Task requirements: Return all the data verbatim but without images.

Collected material:
^^^^^^^^

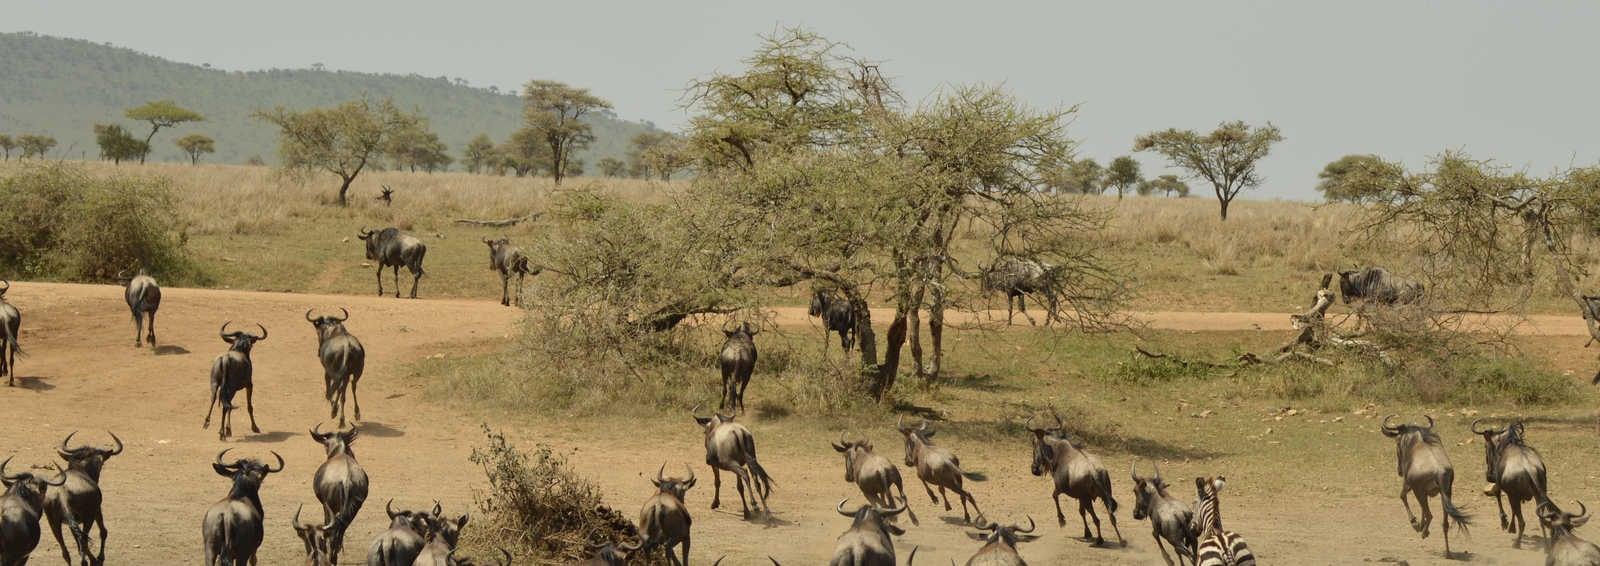 Wilderbeast in Tanzania
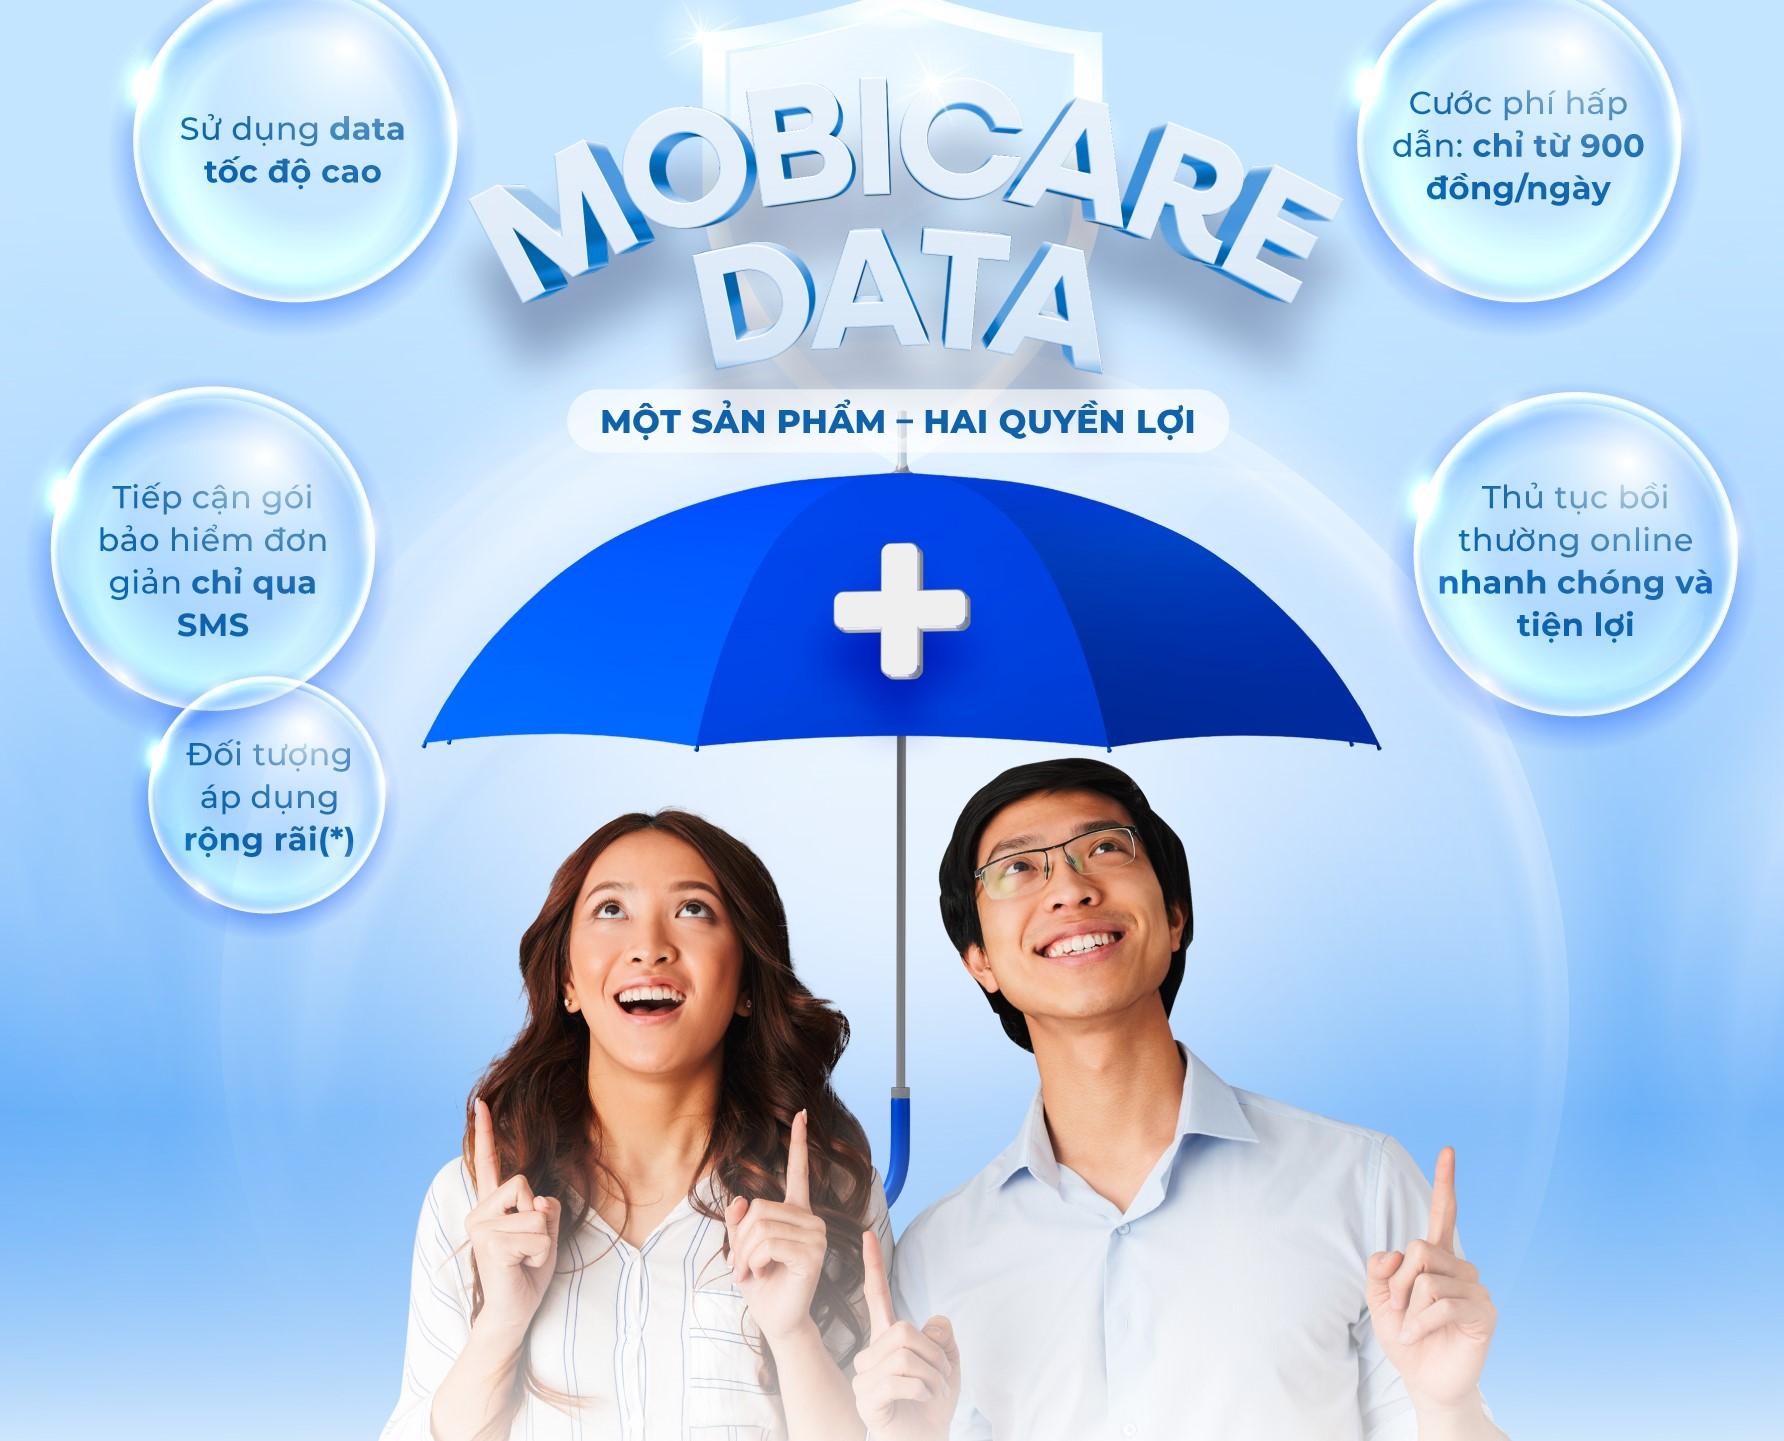 Bảo hiểm PVI ra mắt sản phẩm MobiCare: Một sản phẩm, hai quyền lợi
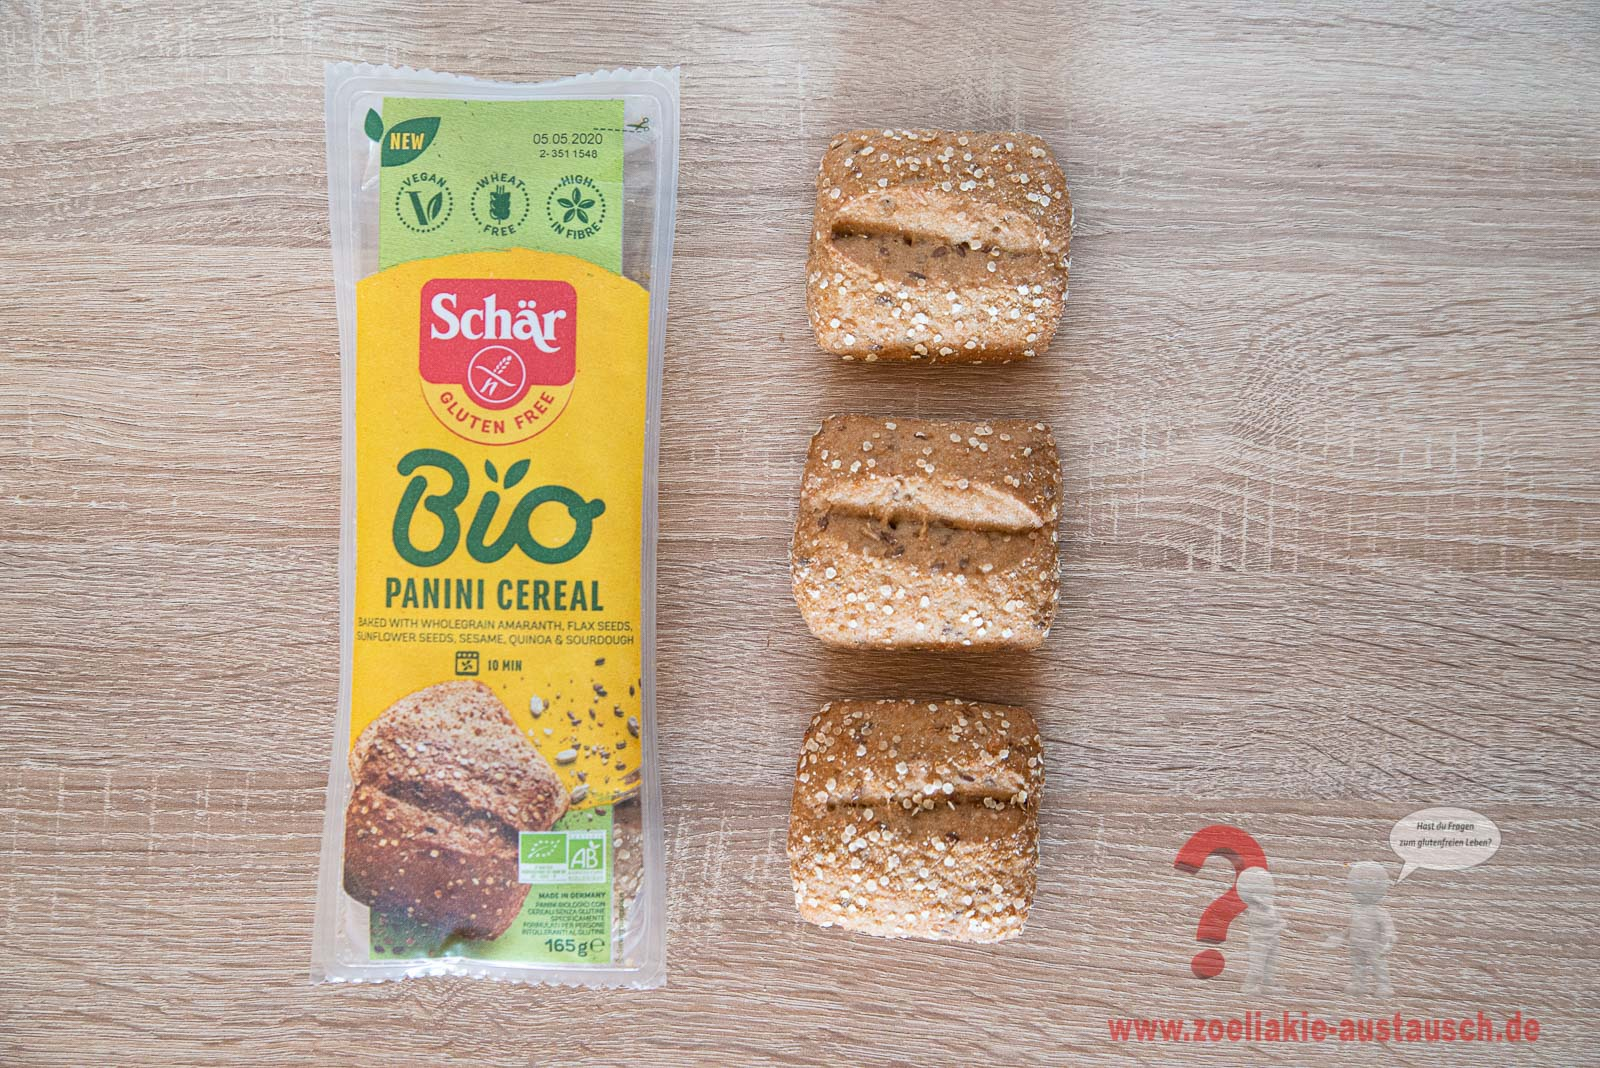 Zoeliakie_Austausch_Schaer_glutenfrei_Bio-038

^^^^^^^^

Written solution:
 Wilderbeast in Tanzania
 Bảo hiểm PVI ra mắt sản phẩm MobiCare: Một sản phẩm, hai quyền lợi
 Zoeliakie_Austausch_Schaer_glutenfrei_Bio-038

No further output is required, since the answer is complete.